There are also lots of light hearted moments. In a fun little scene, Mirai encounters Goh from Daigo’s world, running towards him calling out “my brother, Jack!” Goh, unaware that he himself is Ultraman Jack in the parallel world, seems perplexed by this. Mirai follows with “then how about brother ‘New-Man’? Or brother ‘Man-Who-Returned’?!” The scene is an inside joke. The name ‘Jack’ was never used in his original TV series, and was chosen as the official name years after as a way to differentiate the character from the original Ultraman. In the TV series, the character was only ever referred to as ‘Ultraman’, while fans at the time would refer to him as ‘New-Man’ or ‘Man-Who-Returned’ (taken from the show’s title THE RETURN OF ULTRAMAN). With an audience of fans, this scene drew a lot of laughs.
While I have always enjoyed director Kazuya Konaka’s approach to the recent Ultraman films, SUPER 8 ULTRA BROTHERS certainly benefits from the fresh take by director Yagi. Ultimately played as a straight family film, it is not as experimental as some of his episodes of shows like ULTRA Q: DARK FANTASY (Urutora Q Daaku Fantajii, 2004) or ULTRASEVEN X (Urutorasebun X, 2007), however the whole film has this kind of feel to it that I can only describe as “kinetic”. As I was expecting from Yagi, the film is photographed beautifully with lots of great angles and unique framing.

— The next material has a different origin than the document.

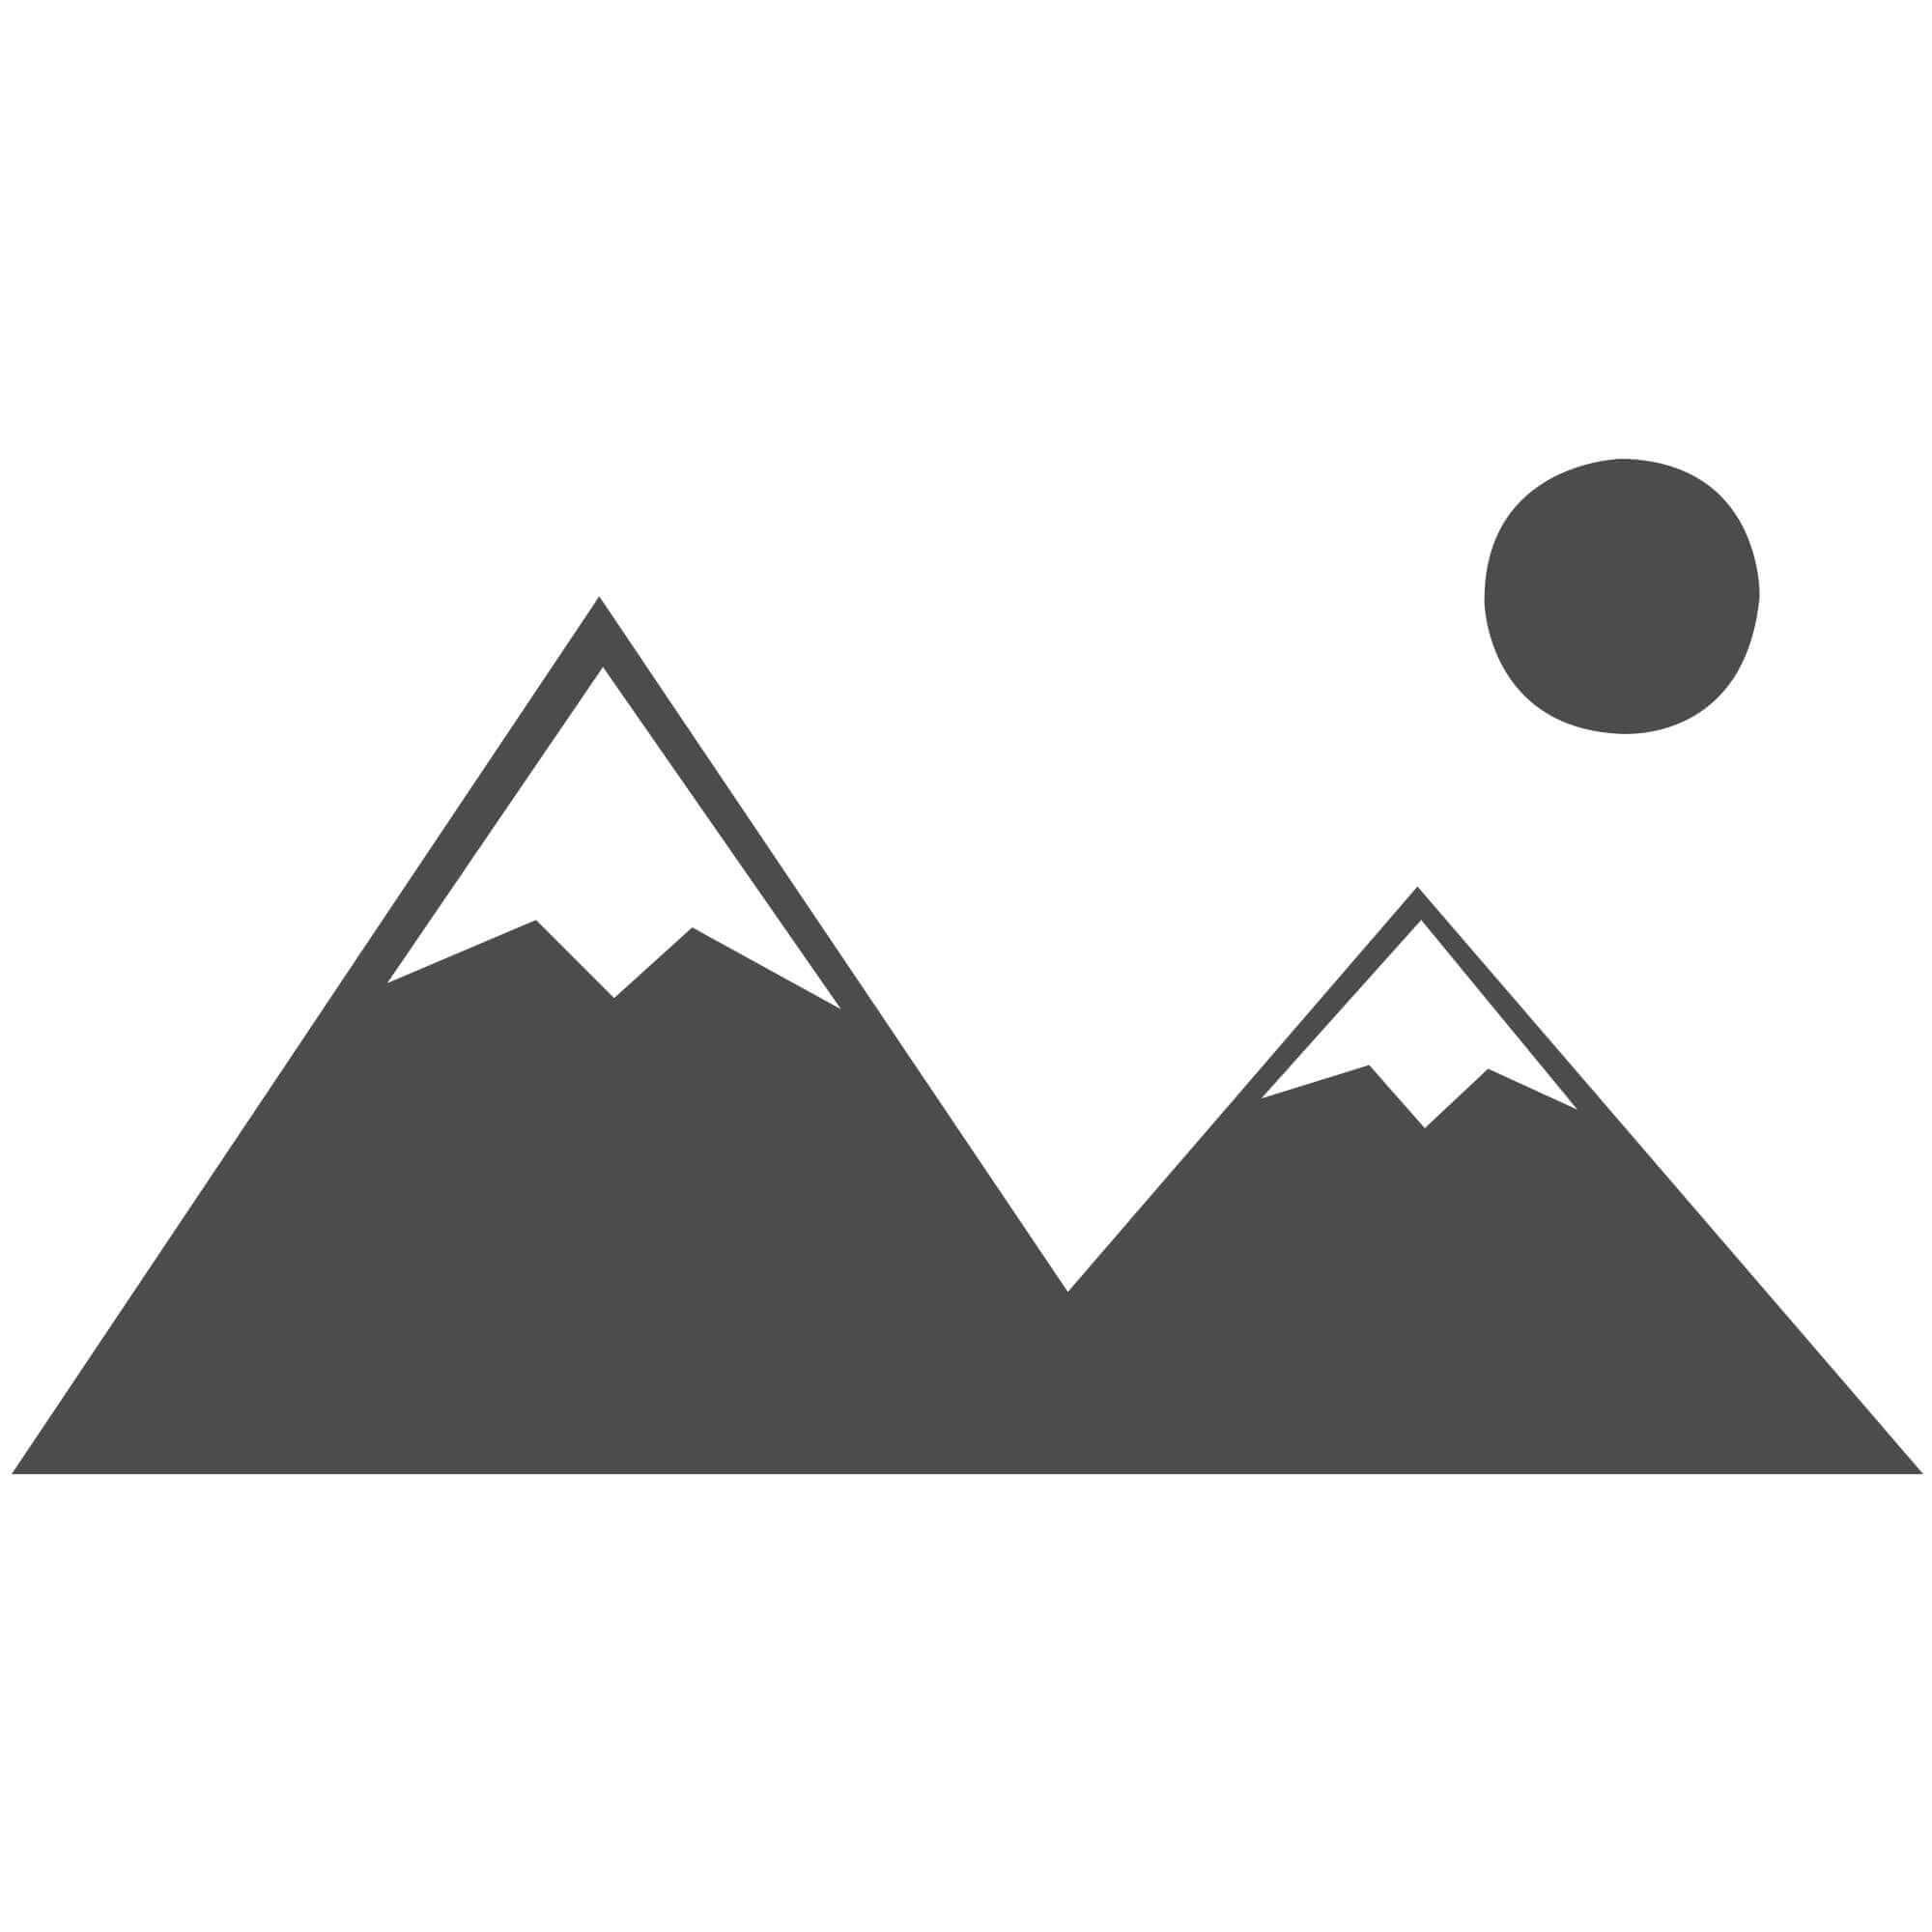 "Ottoman Temple Rug - Cream - Size 80 x 150 cm (2'8"" x 5')"

Also worthy of mention, this is the first Ultraman movie to be shot entirely in HD, and there is certainly a difference to be seen. There are a number of flashbacks to ULTRAMAN MEBIUS & ULTRAMAN BROTHERS which makes it quite obvious that on HD the new movie looks a lot more vibrant, cleaner and sharper. On the downside, it seems quite apparent that it has been shot on video when looking at the movement of smaller objects such as building debris in some of the FX shots.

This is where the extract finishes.